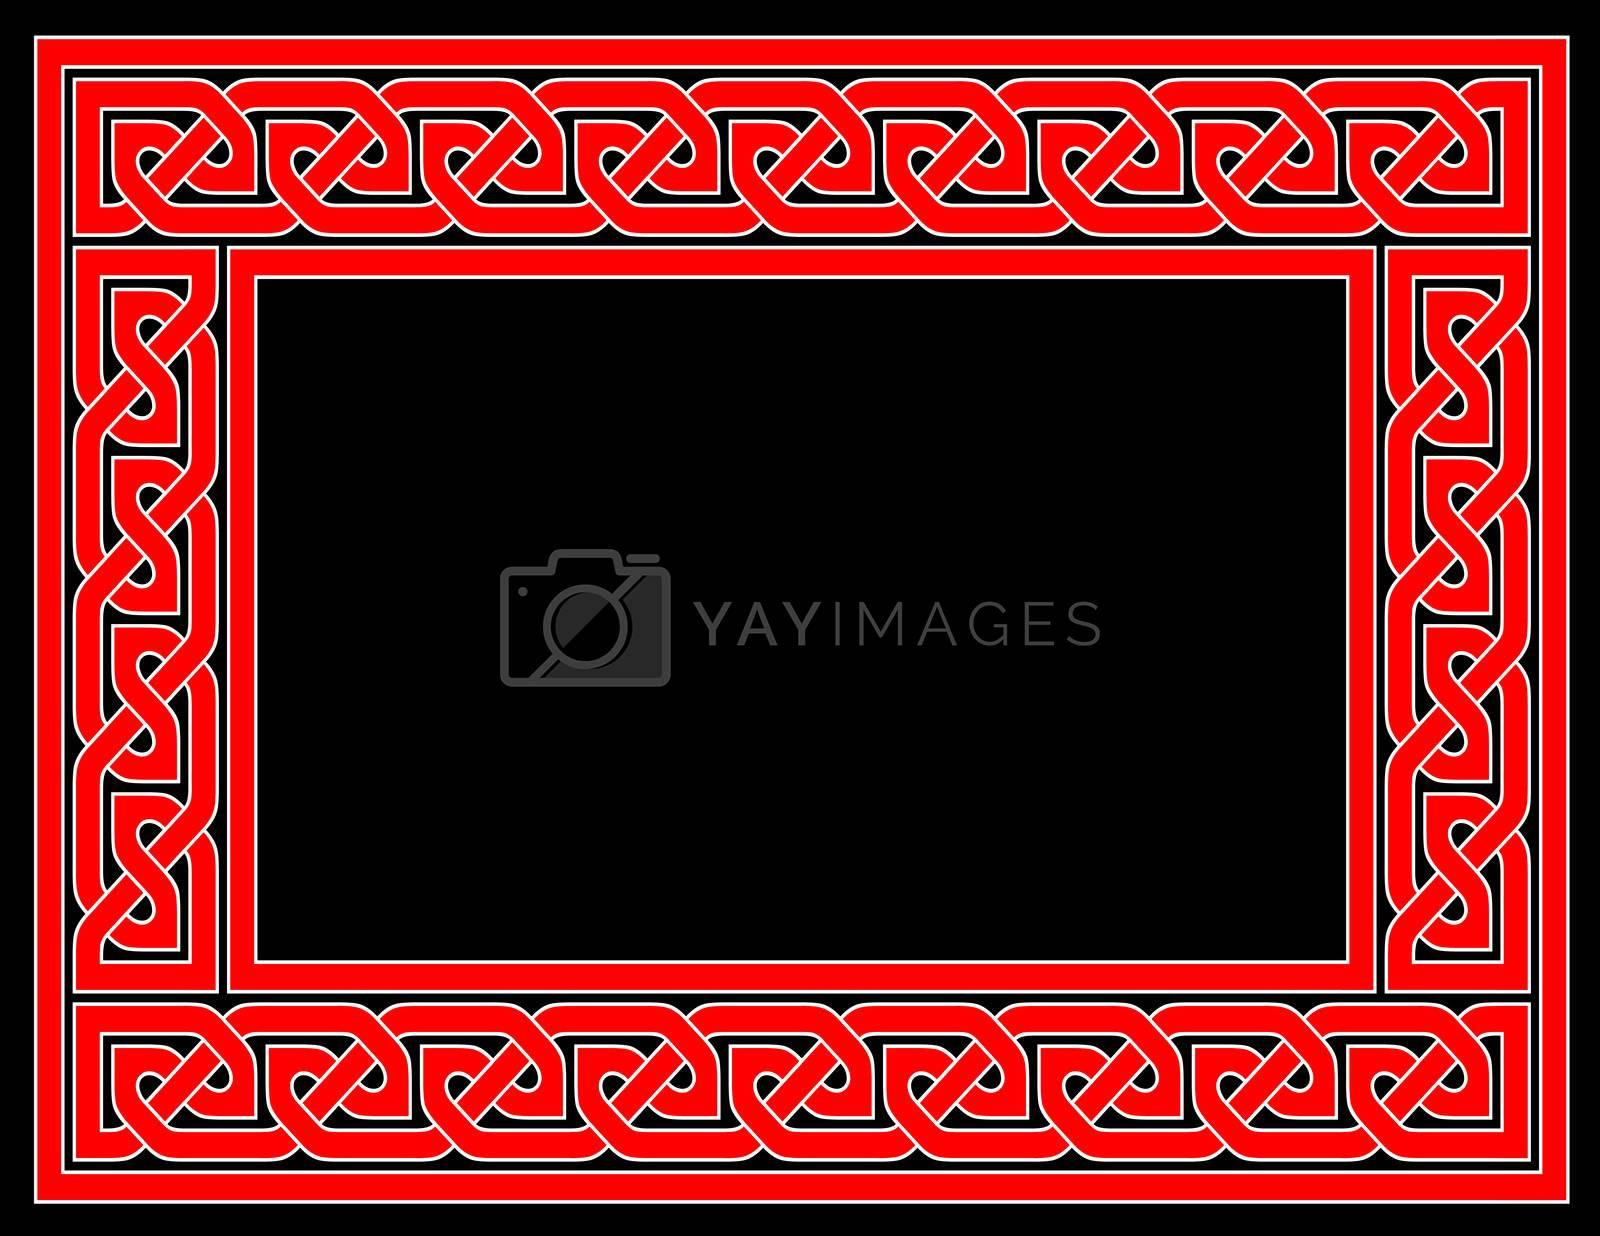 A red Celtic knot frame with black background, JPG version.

* * *

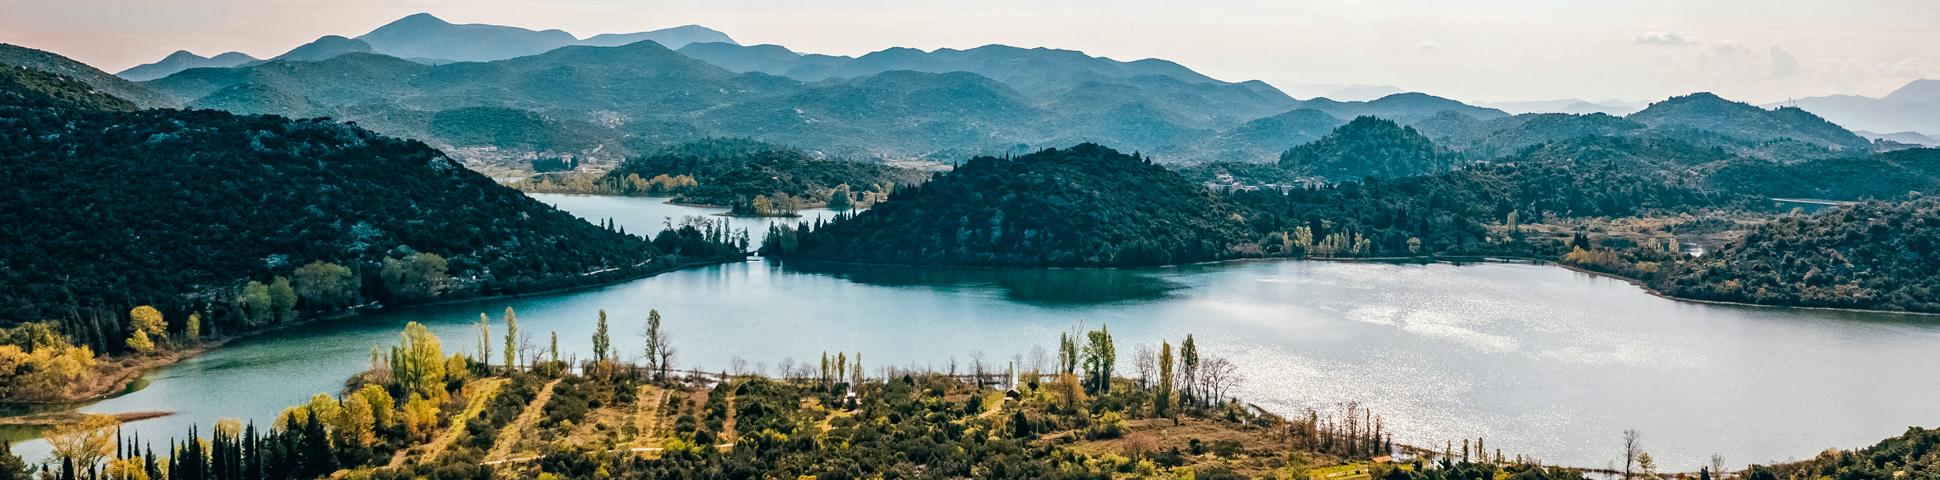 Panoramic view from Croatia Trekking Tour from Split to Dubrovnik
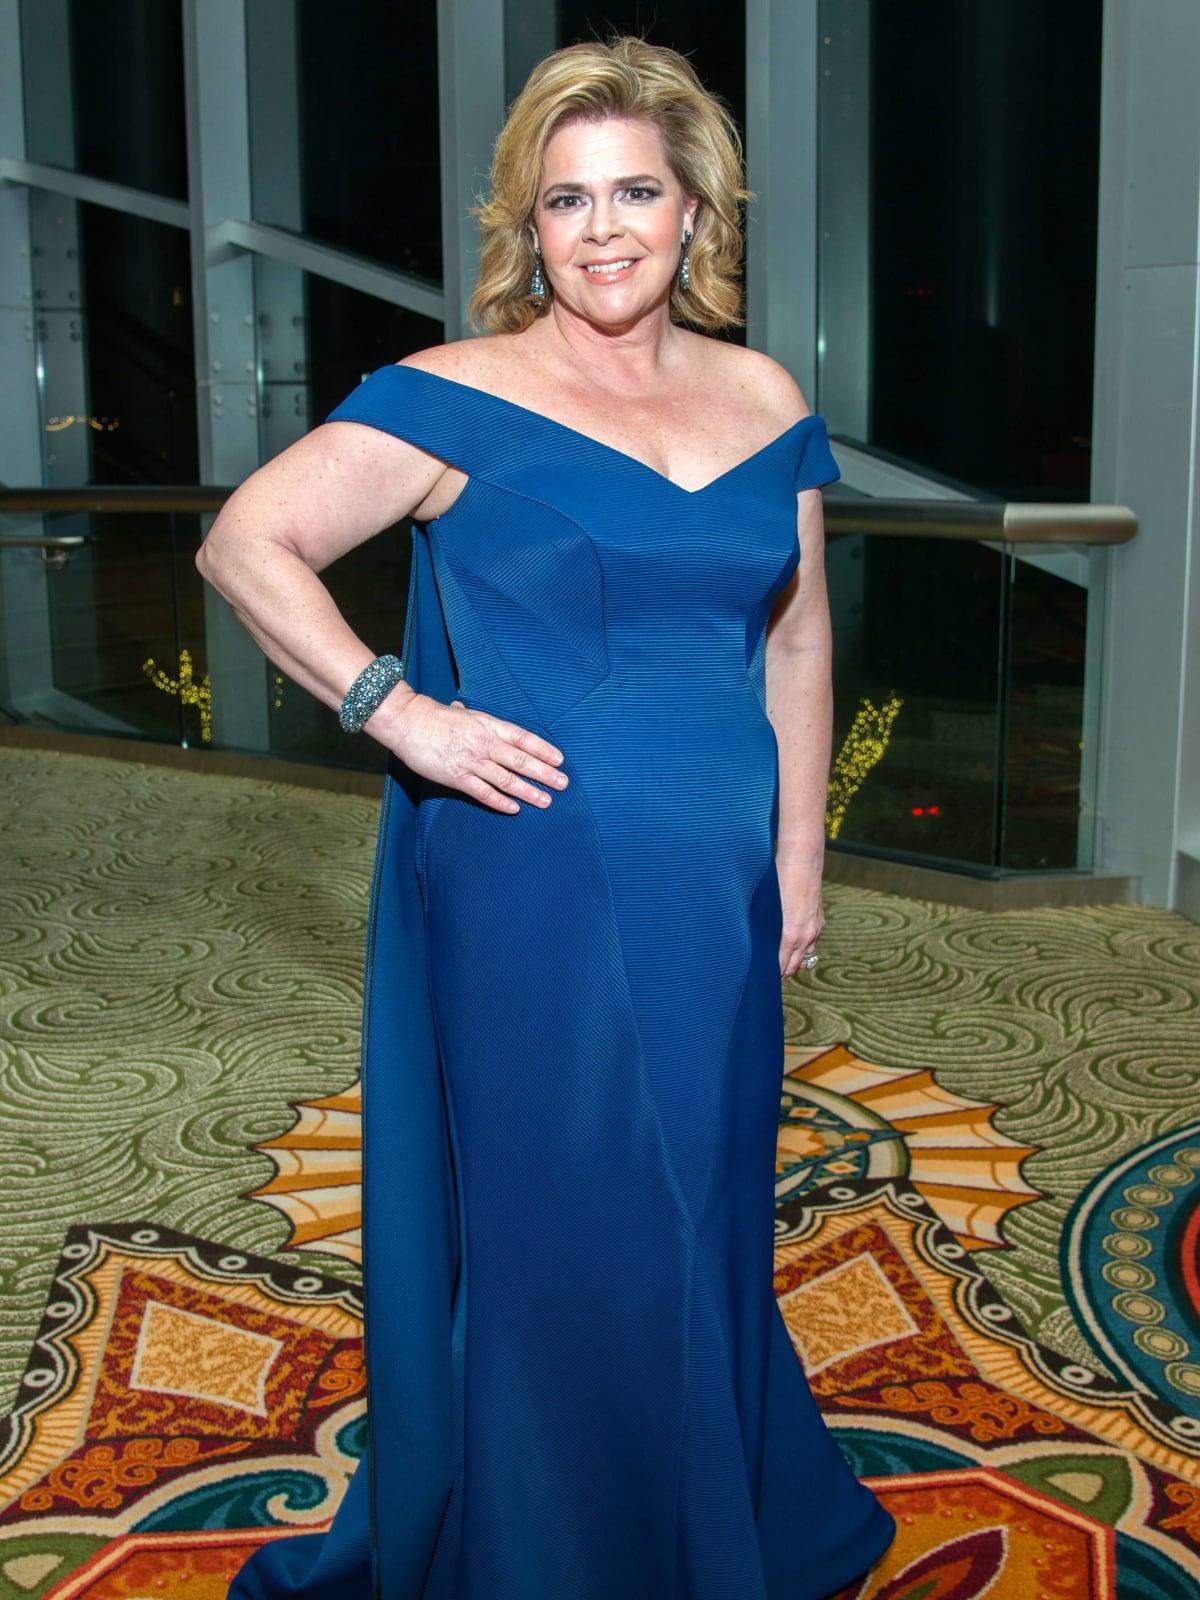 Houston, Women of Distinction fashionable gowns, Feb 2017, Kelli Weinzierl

◆ Activity
In the listing above, find the line containing "Panoramic view from" and the line containing "Houston, Women of". Print those two lines and every line between them exactly, with no pictures.

◆ Answer to the problem
 Panoramic view from Croatia Trekking Tour from Split to Dubrovnik
 Houston, Women of Distinction fashionable gowns, Feb 2017, Kelli Weinzierl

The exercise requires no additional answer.